The generator and the discriminator are both designed using non-linear neural networks. Input to the generator is a set of real numbers having length of 30, randomly picked from a unit Gaussian distribution. The generator contains two dense layers (a set of fully connected neurons) that takes the input vector corresponding to the set of real numbers and maps to a vector which is equal to the number of neurons in the dense layers. The two dense layers of the generator have 40 and 50 neurons respectively, hence the output of the generator has a length of 50 which is the desired length of the generated R-R intervals by the architecture. Leaky Rectified Linear Unit (Leaky Relu) with negative slope coefficient=0.2 and hyperbolic tangent (tanh) functions are used for non-linear activation of the units in the two layers. The discriminator takes both the generator data and a reference R-R intervals time series as input and classifies whether the generated data is real or not. The inputs are required to be reshaped before applying them to the LSTM layers. The classifier in the discriminator contains a pair of LSTM layers (each having 64 units), that generate a hidden vector that maps the temporal relation of the input and then it is sent to a dense layer having a single neuron with sigmoid activation function for binary classification.
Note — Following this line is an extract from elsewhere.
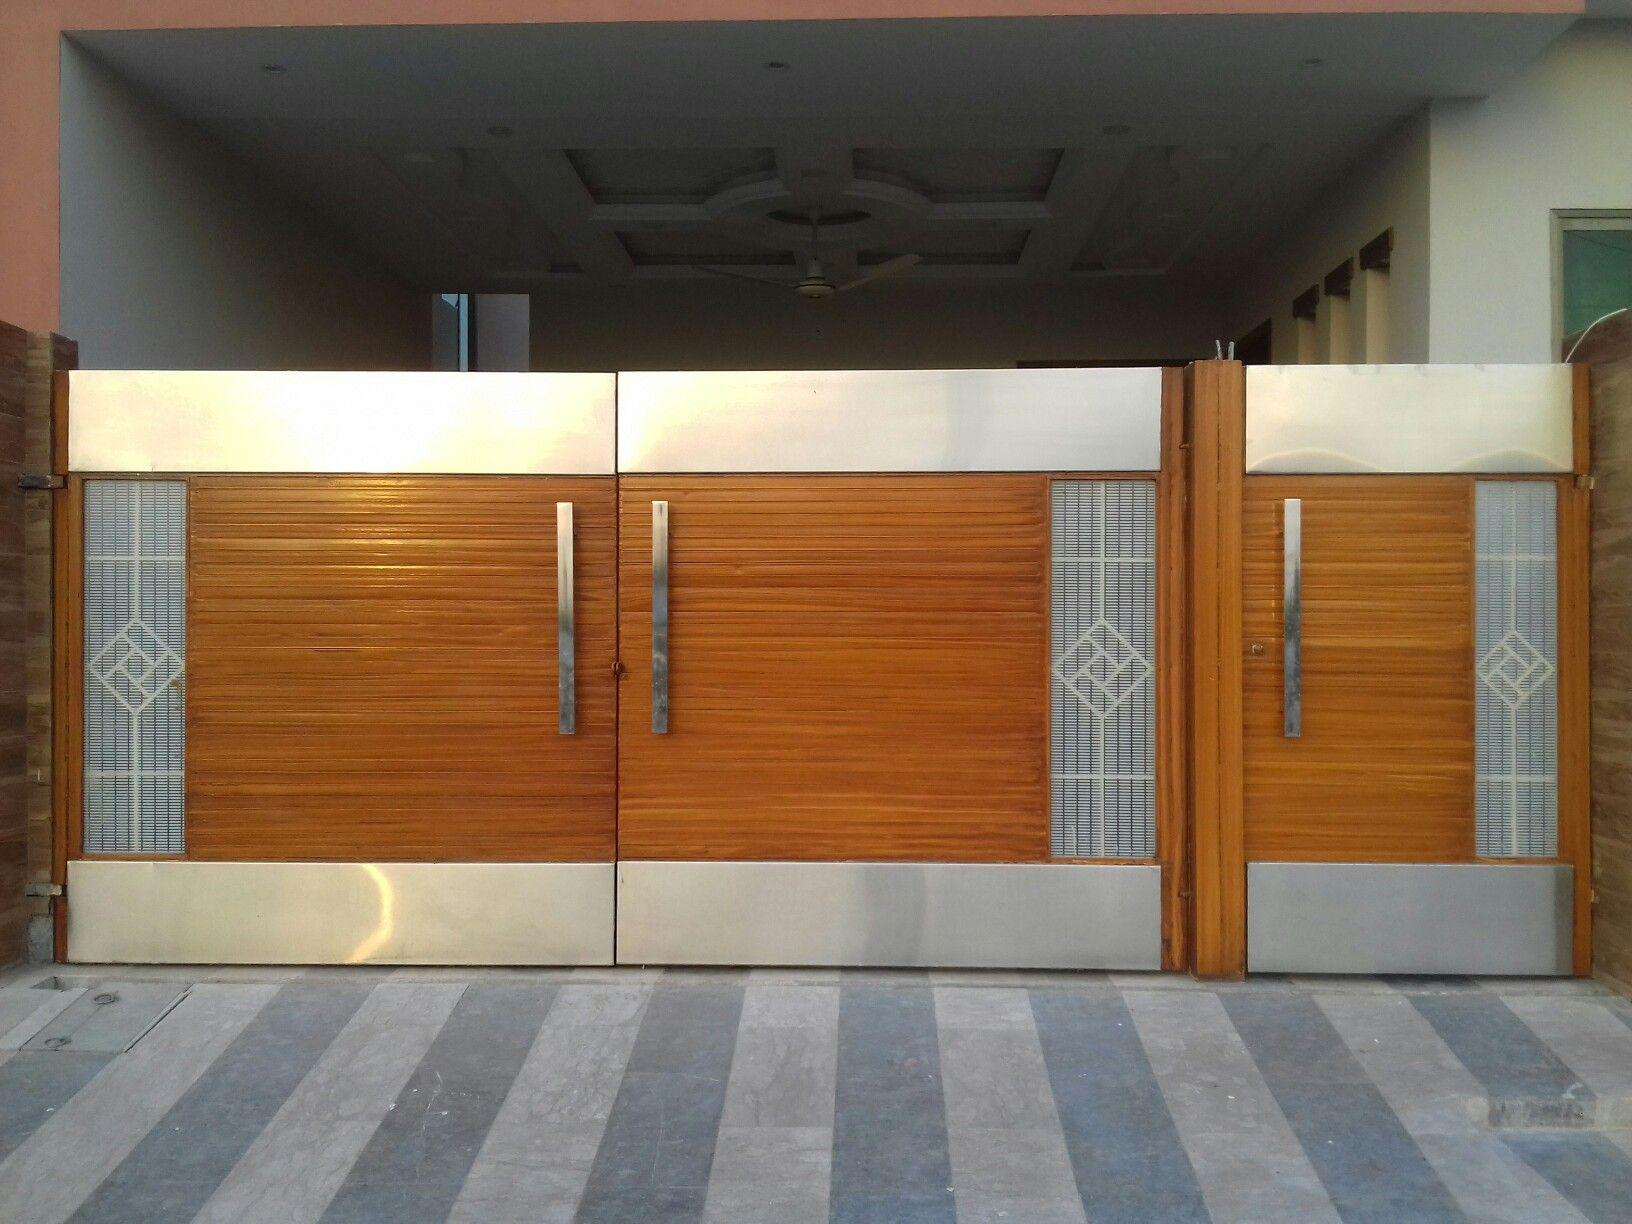 Iron gate multan pakistan steel design main front gates also syed muhammad abbasptcl on pinterest rh

The DCGAN for generating signal morphology between two adjacent R peaks: Normal atrial activities of the heart become awry due to AF. This is reflected in the ECG morphology in terms of missing P waves or presence of abnormal fibrillatory waves before a QRS complex (Refer FIG. 3B described below). The DCGAN structure to generate ECG cycles incorporating such unique morphology. As shown in equation (2) below, an ECG time-series, ecg_tmay be represented as a vector of m real numbers, containing a set of landmark points as the R peaks of known locations.
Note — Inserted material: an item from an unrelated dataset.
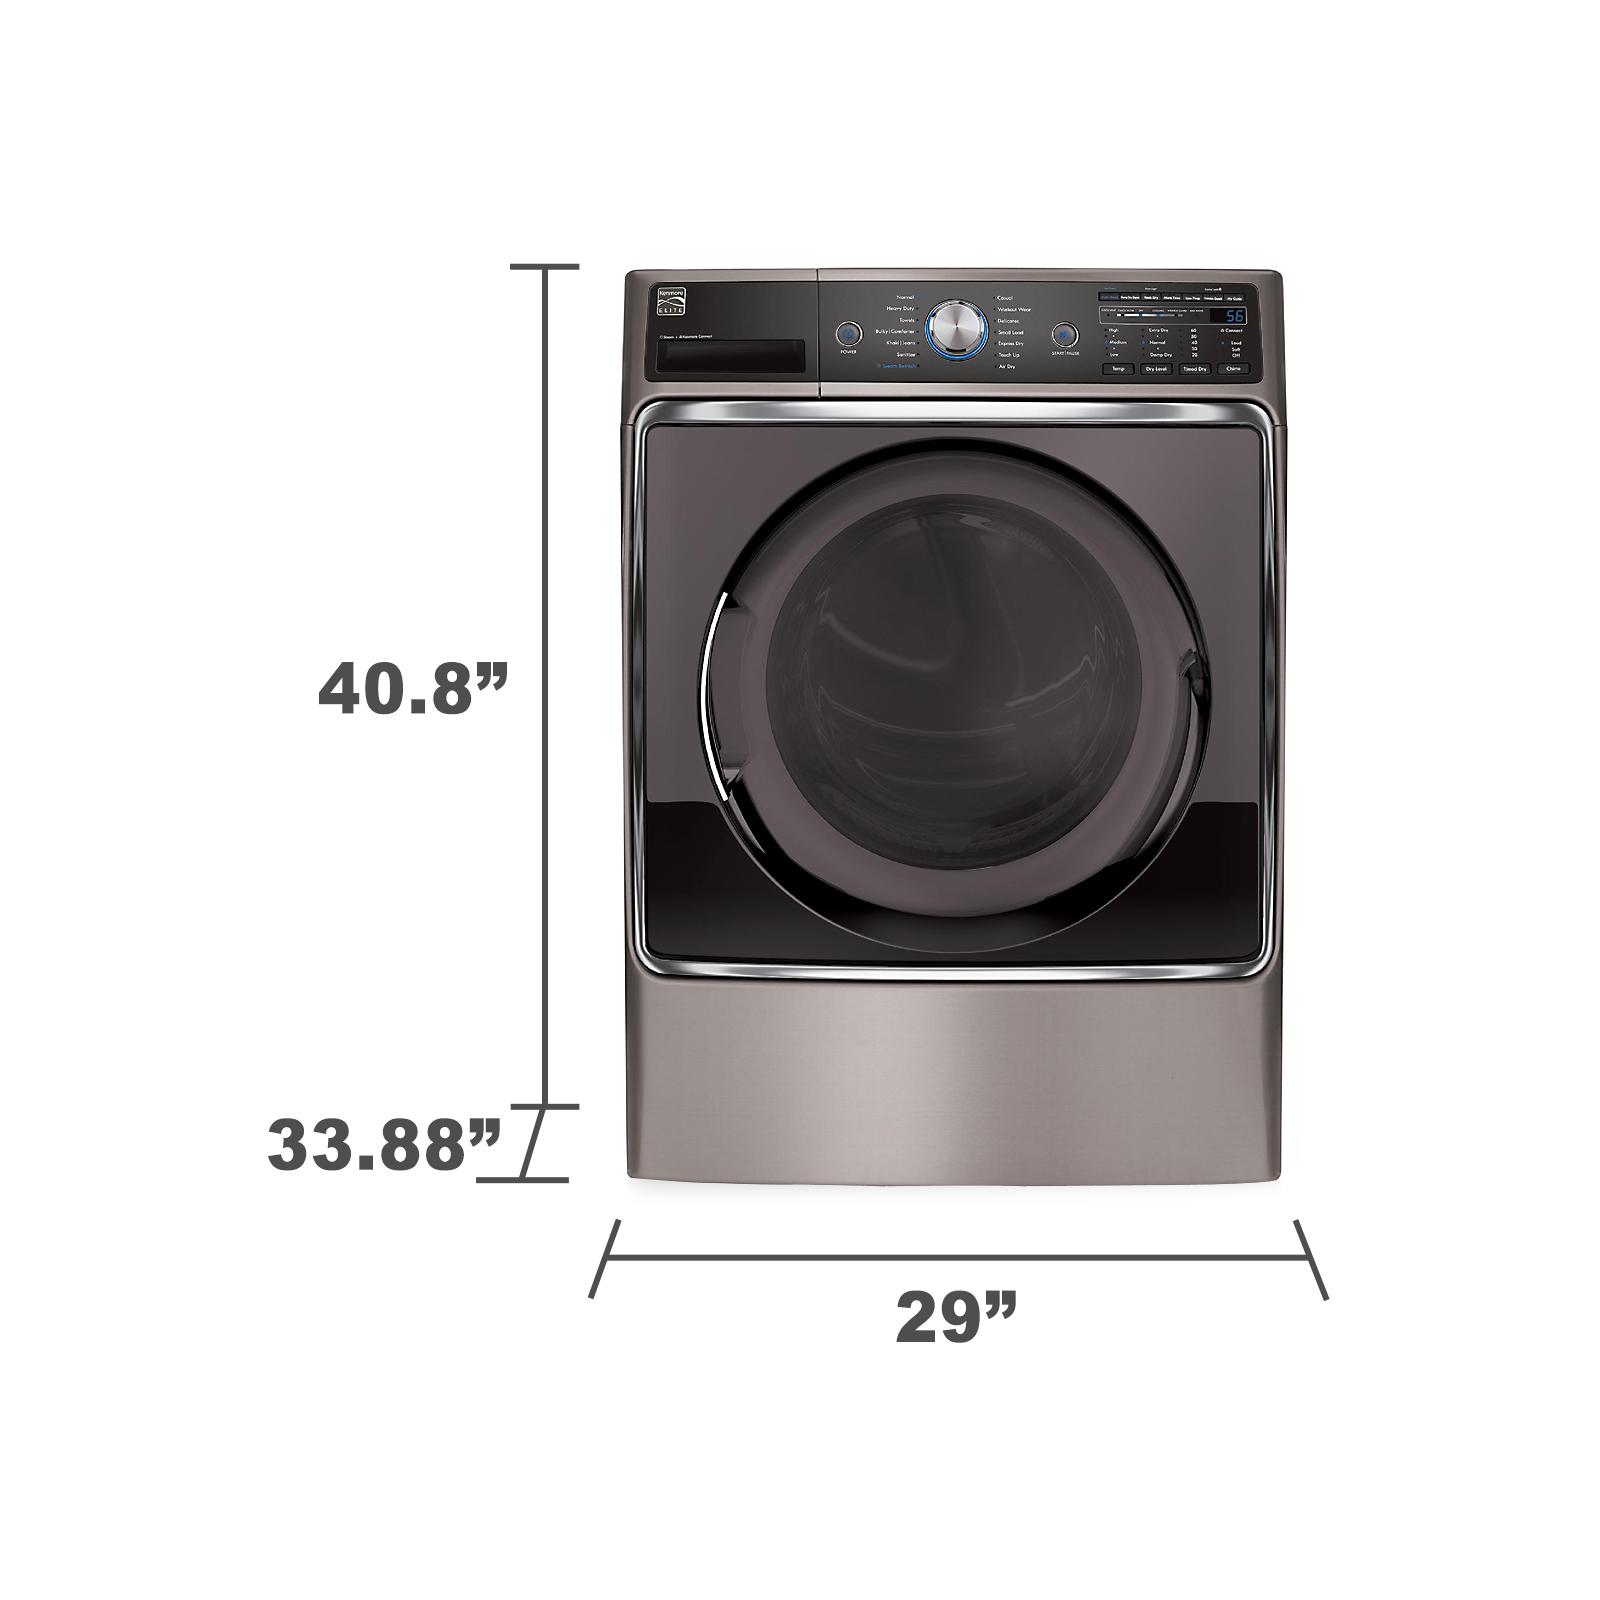 Kenmore Elite 81073 9.0 cu. ft. Electric Dryer - Metallic Silver

ecg_t=[ecg₁,ecg₂, . . . ecg_r ₁,ecg_r ₂, . . . ecg_m
(2)
Here r_iindicates the time location of the i^thR peak in the ECG signal and ecg_r _iis the corresponding amplitude. An ECG cycle is defined, in the present disclosure, as the segment between two adjacent R peaks. The p^thcycle is extracted as given in equation (3) below.
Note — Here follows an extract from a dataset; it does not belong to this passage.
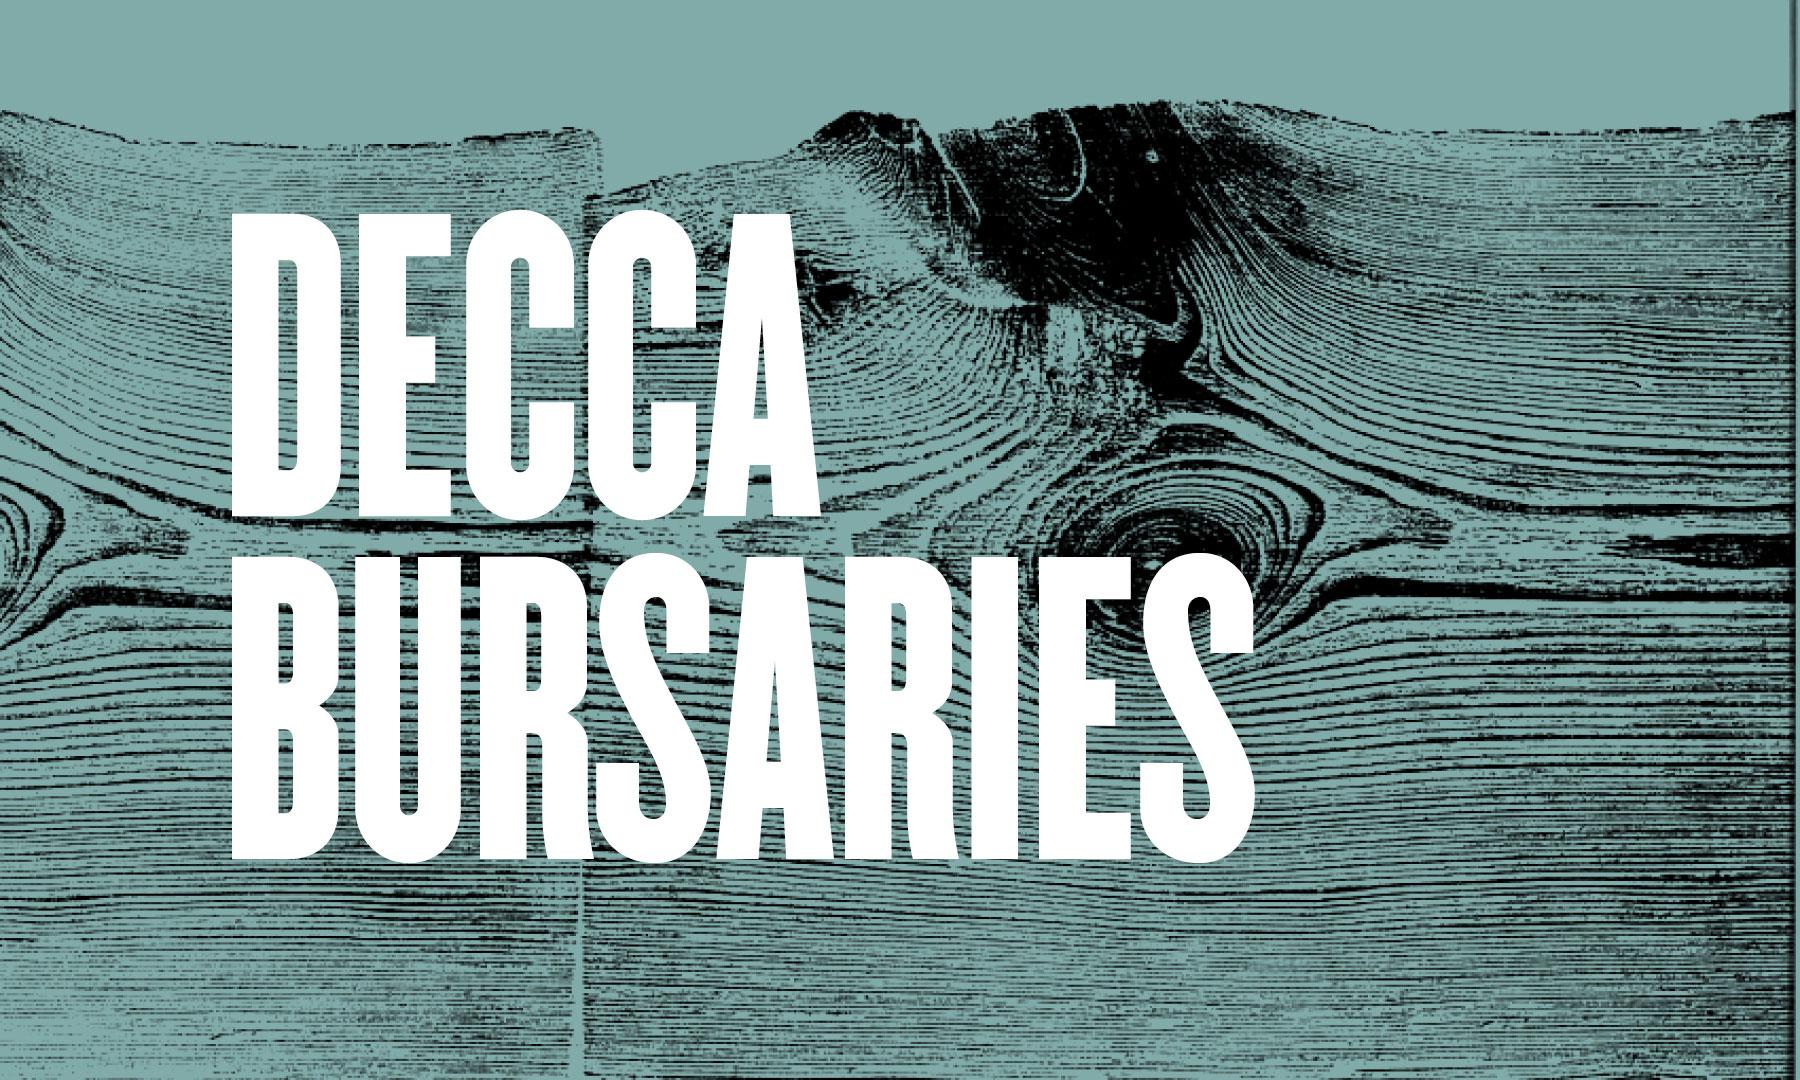 Decca_Bursaries7

cycle_p=[ecg_(r _p),ecg_(r _p+1),ecg_(r _p+2), . . . ecg_(r _p+p ⁻¹⁾
(3)
In the DCGAN, the lower dimensional latent vector is converted to a desired space of realistic generated data based on a series of convolution and transposed-convolution operations in the discriminator and the generator through a set of filters (kernel). The real ECG cycles are extracted from the PhysioNet Challenge database. The signals are sampled at 300 Hz. Since AF causes a heart rate faster than the normal range, length of an ECG cycle to be generated by the DCGAN model is fixed to 200 (≈667 ms long, instantaneous heart rate=90 bpm) in the architecture of the present disclosure. Duration of every real ECG cycle is modified accordingly using cubic spline interpolation technique before applying to the discriminator.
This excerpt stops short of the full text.